Терри медленно покачал головой.
— Полиция не должна знать об этом.
— А об этом никто и не знает, кроме тебя, Филин.
— Ты никому не говорила, что встречалась с Мандрой?
— Только Альме.
— Ты все рассказала ей?
— О том, что Мандра держит меня на крючке, — нет. Я просто сказала ей, что ему нравятся некоторые мои картины и что он просит меня написать его портрет.
— Продолжай, пожалуйста.
— По правде говоря, мне и самой хотелось написать его портрет, — у него было такое необычное, такое выразительное лицо, особенно глаза: иной раз я смотрела на него словно завороженная. Мне нравилось наблюдать за ним, когда он сидел в затемненной комнате, его лицо утопало во мраке, и только глаза отражали свет. И он чувствовал мой интерес к нему. Мне действительно очень хотелось написать его портрет. Думаю, ты слышал о том, что я занималась живописью и что из этого вышло. Прямо-таки семейный скандал. Кое-кто из моих европейских преподавателей говорил даже, что я способней Альмы, но ты же знаешь, я терпеть не могу однообразия — эти скучные занятия, изо дня в день одно и то же. Дисциплина и прилежание — это не для меня. Мне всегда хотелось рисовать только то, что мне нравится. Необходимость рисовать то, что меня не интересует, тяготила меня, я просто не желала этим заниматься. В результате я написала всего с десяток картин. Довольно необычные работы, в них что-то есть, хотя с точки зрения техники они далеки, конечно, от совершенства, и только я одна знаю об этом. По этому поводу мы часто ссорились с Альмой. Она настаивала, чтобы я больше внимания уделяла технике, специально занималась этим, посещала какие-нибудь курсы. А я не хотела. Просто не могла себя заставить. Но вот в лице Мандры было что-то такое, от чего во мне рождалось непроизвольное желание взяться за кисть и непременно написать его портрет.
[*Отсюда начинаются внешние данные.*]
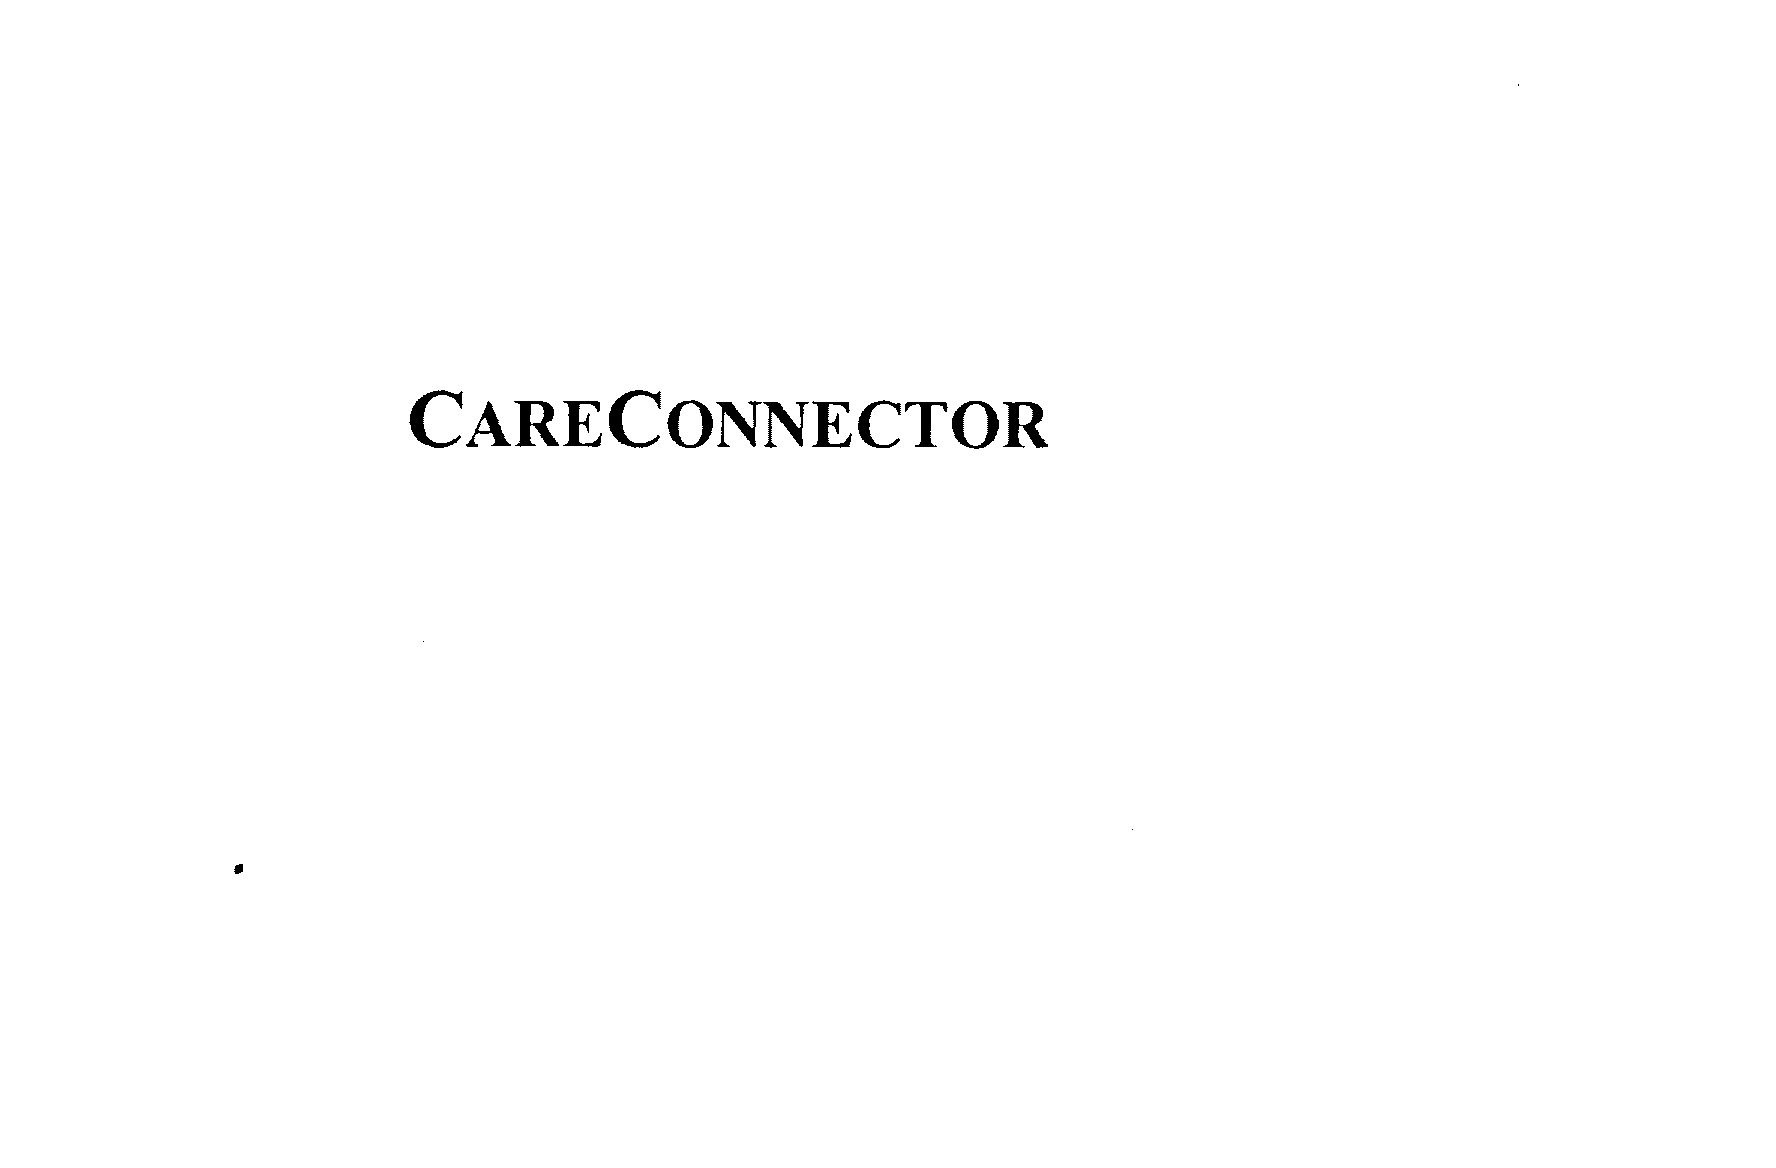  CARECONNECTOR

— И ты написала его портрет, да?
— Да.
— И потом, забрав его, ушла?
— Да. Когда я догадалась, что вся эта история с наездом — всего лишь ловкий трюк, чтобы потом шантажировать меня, я взяла холст и ушла.
— А где картина сейчас?
— У Альмы. Я принесла ее к ней и попросила подработать фон.
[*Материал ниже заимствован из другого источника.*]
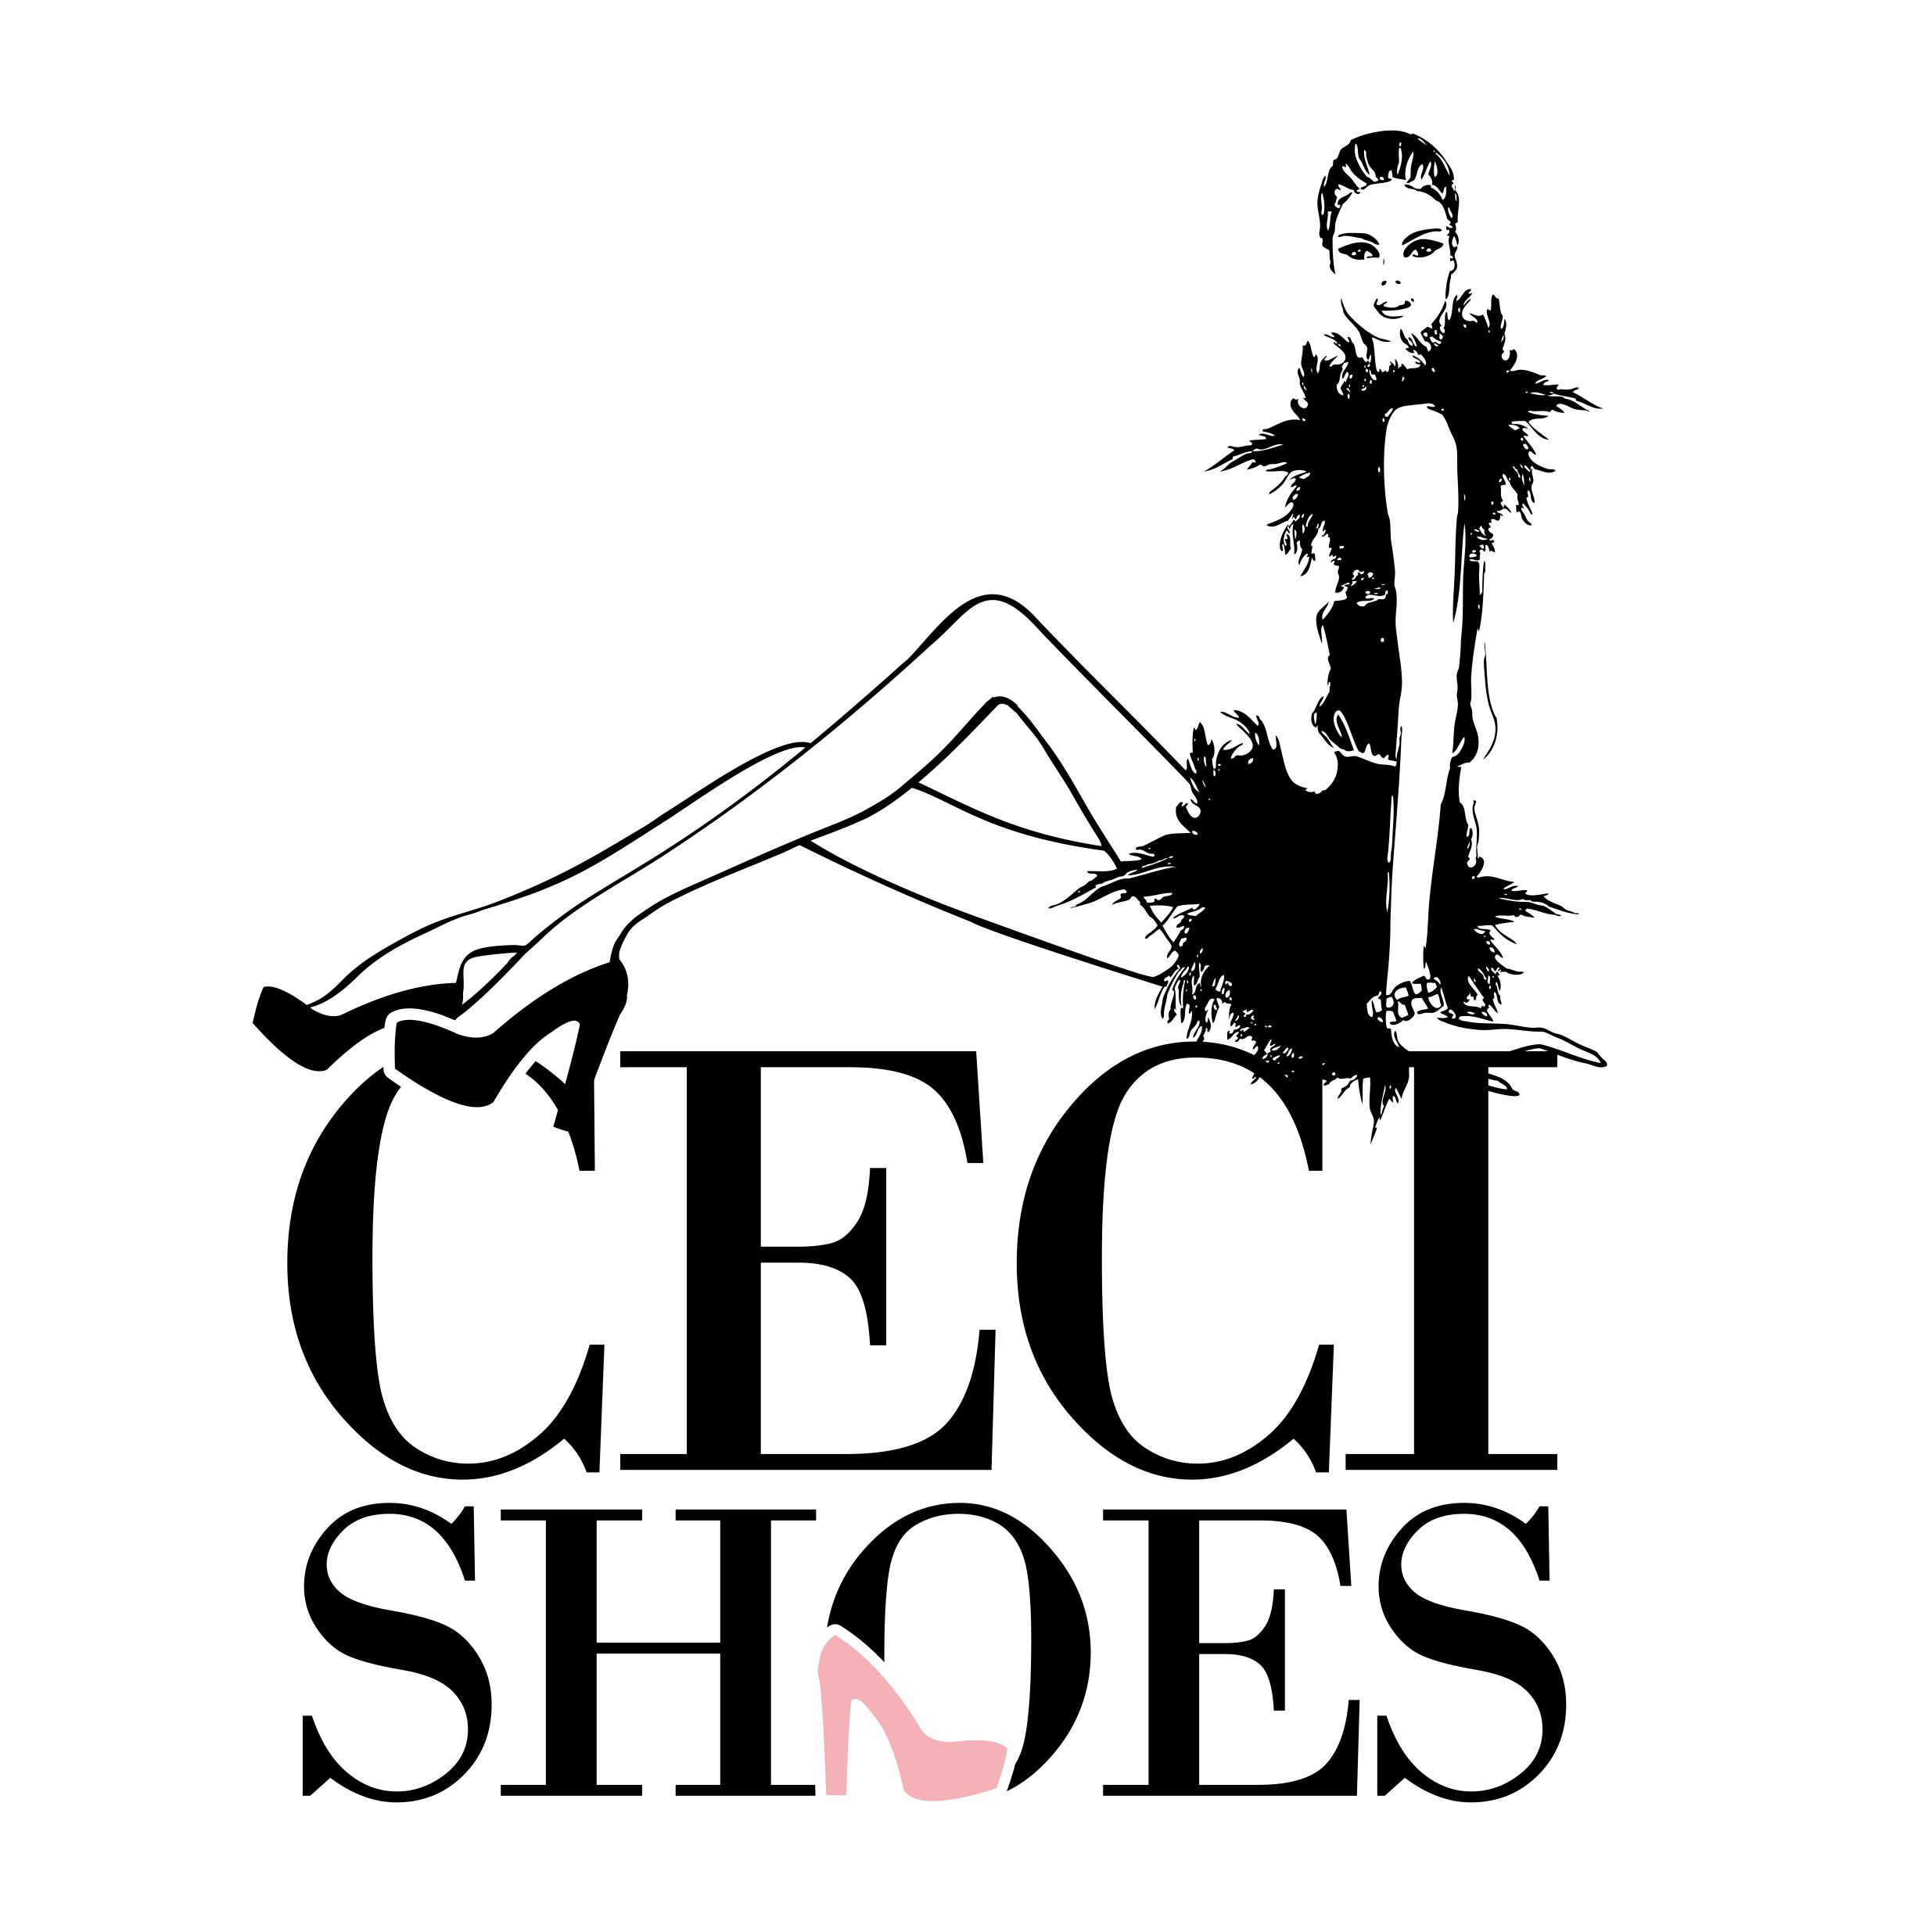 CeciShoes

— Ты не возвращалась в квартиру Мандры после того, как покинула ее в два часа?
— Конечно нет.
— Мандра был жив, когда ты уходила?
— Еще как жив!
Кивком Терри указал на газету.
— Кто последним видел Мандру живым?
— Это никому не известно, — она облизнула губы. Терри задумчиво посмотрел на нее:
— Где ты была, когда пришла девушка-китаянка? Она взяла со стола бокал и сделала маленький глоток.
— Скорее всего, — сказала она почти скороговоркой, — в это время я направлялась к Альме. Квартиру Мандры я покинула в два часа, к Альме пришла, вероятно, около половины третьего.
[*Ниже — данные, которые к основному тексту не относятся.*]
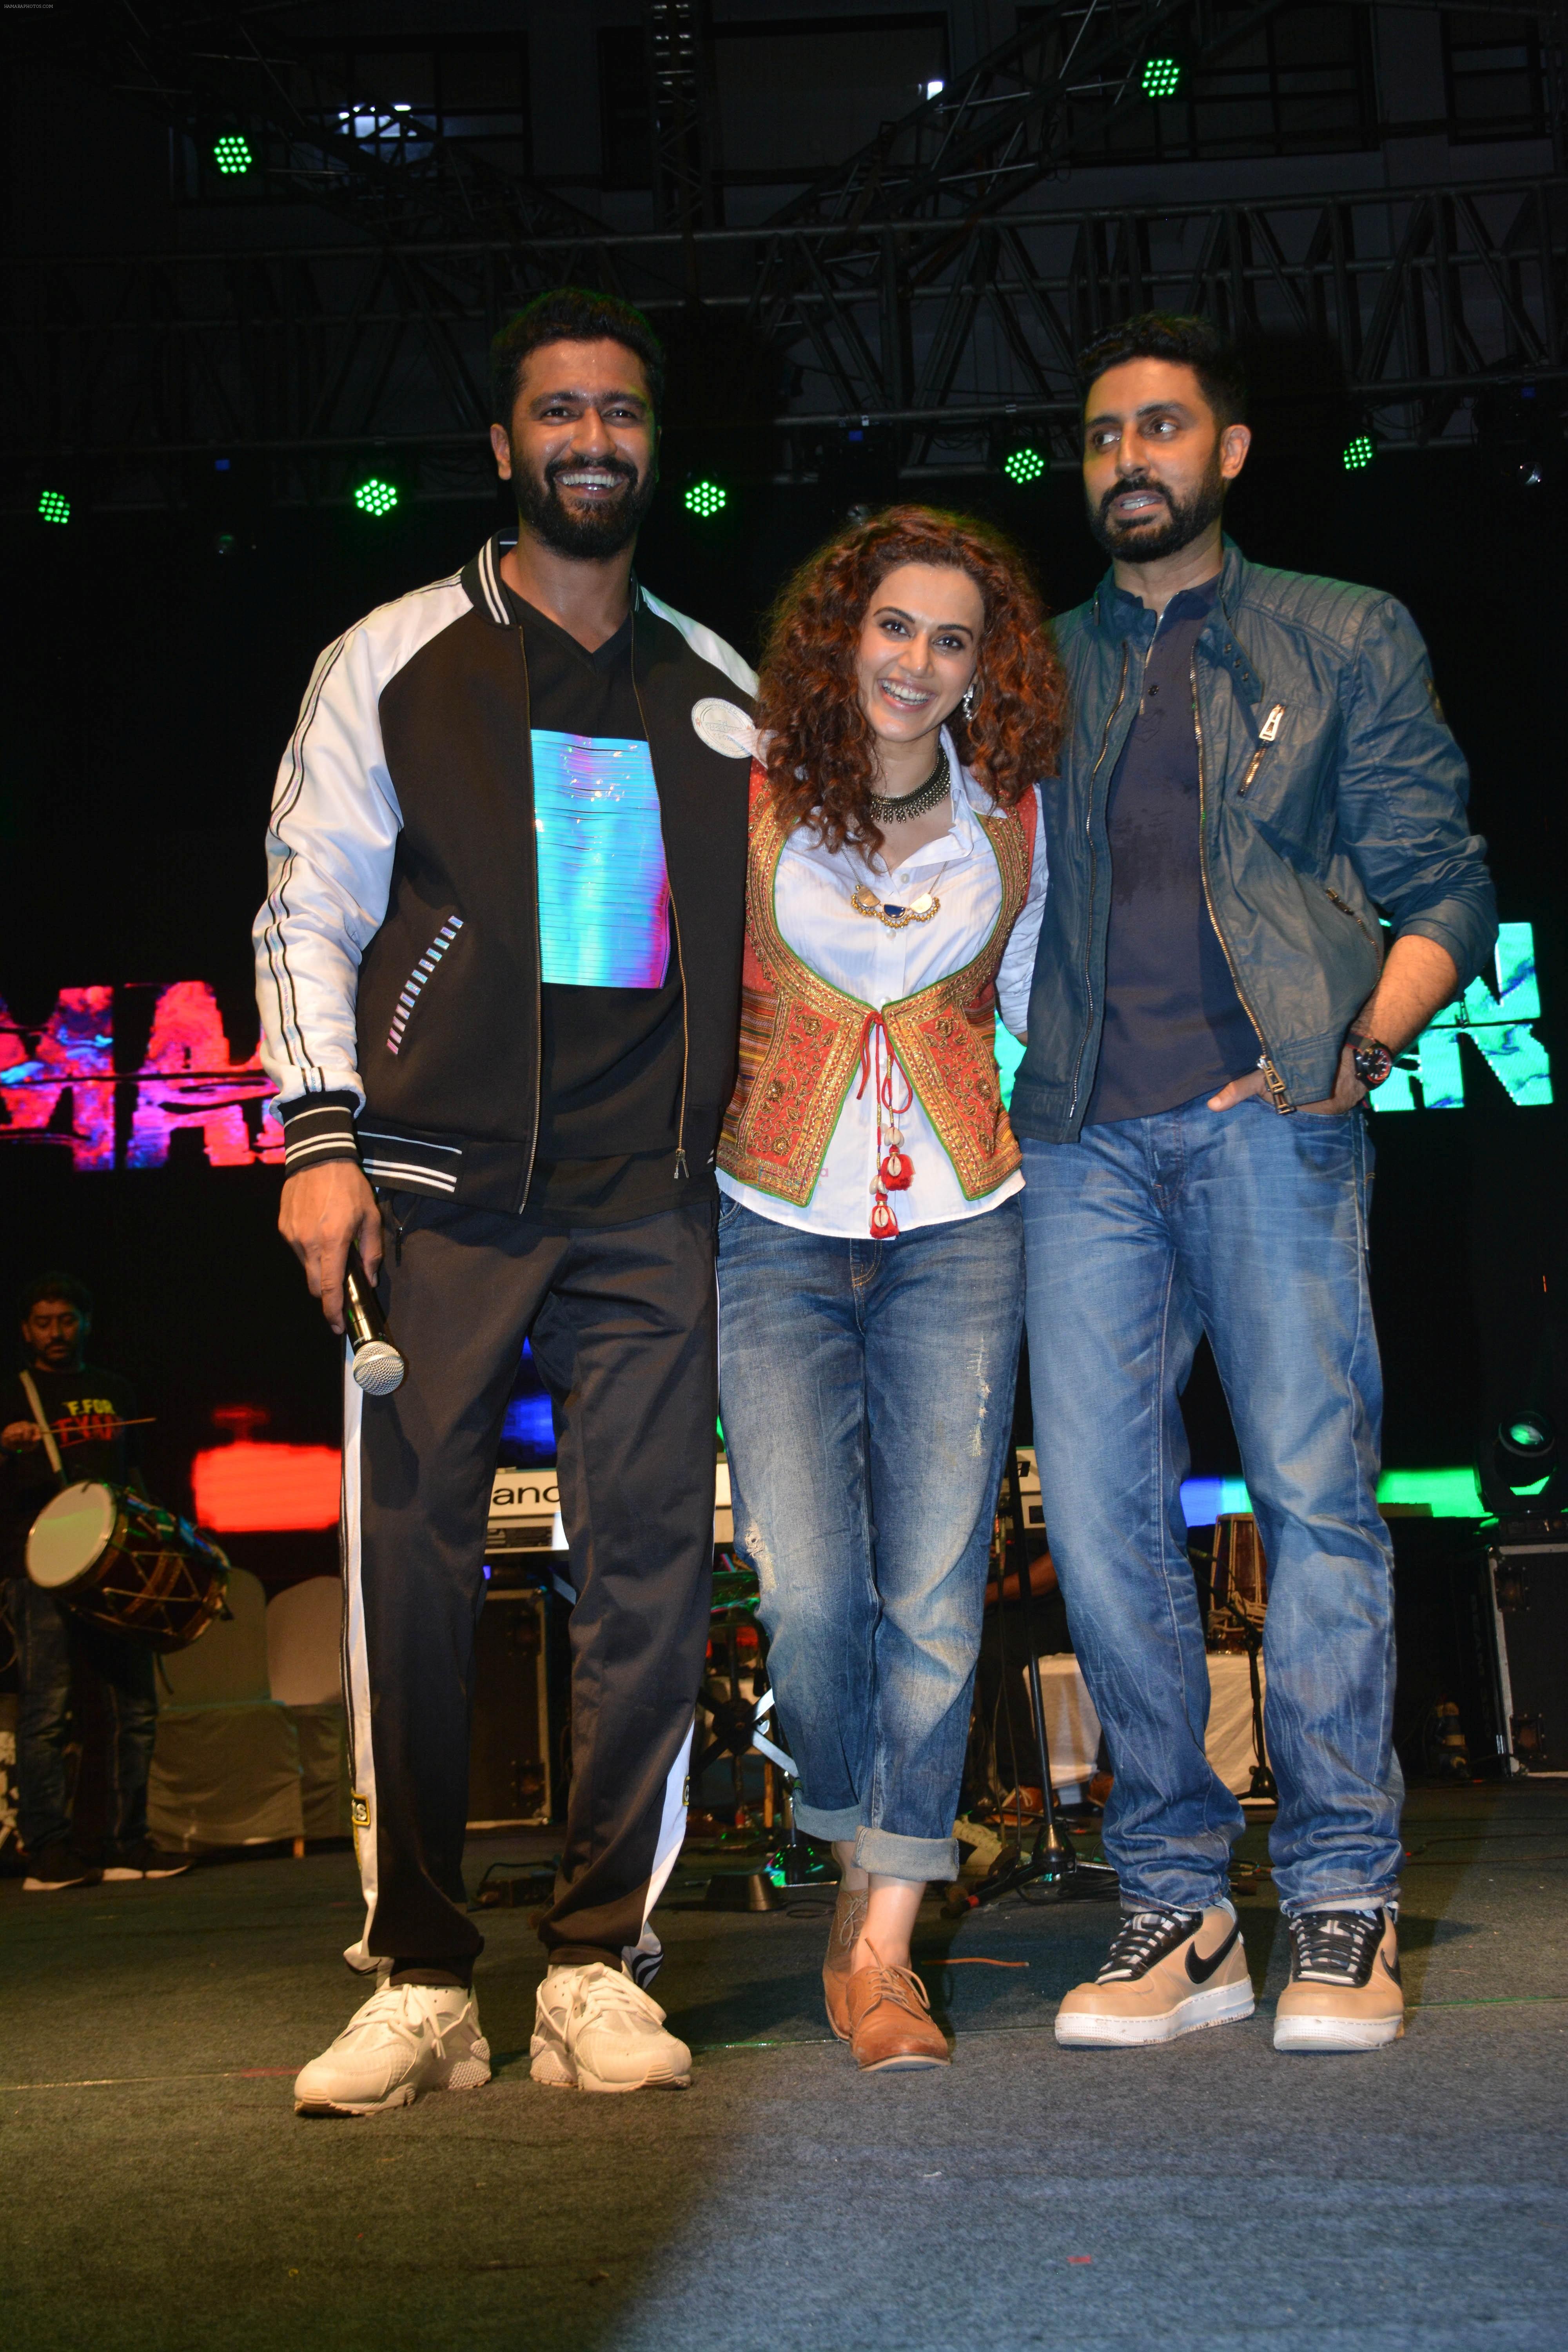 Vicky Kaushal, Taapsee Pannu, Abhishek Bachchan at Manmarziyaan Music Concert in NM College In Juhu on 19th Aug 2018

— Этот человек, который обнаружил труп в три часа, видел, что дверь в коридор приоткрыта?
— Да.
— Ты подозреваешь кого-нибудь? — внезапно спросил Терри. Своим взглядом, казалось, он пригвоздил ее к креслу.
— Я… я… никого.
— У тебя ведь есть знакомые мужчины, Стабби Нэш, например. Стабби наверняка ревнует тебя даже ко мне, хотя нас с тобой связывает чисто платоническая любовь. А как, интересно, он относился к Мандре?
— Он ничего не знал о Мандре.
— Ты в этом уверена?
В ее глазах читался вызов.
— Да. И не надо себя обманывать относительно того, будто бы наша любовь носит чисто платонический характер. Я понимаю: ты набрался там, в Китае, всякой зауми вроде концентрации, философии всякой. Ты, может, и изменился, но только снаружи, а внутри ты все такой же искатель приключений! Так что не надо мне болтать про платоническую любовь…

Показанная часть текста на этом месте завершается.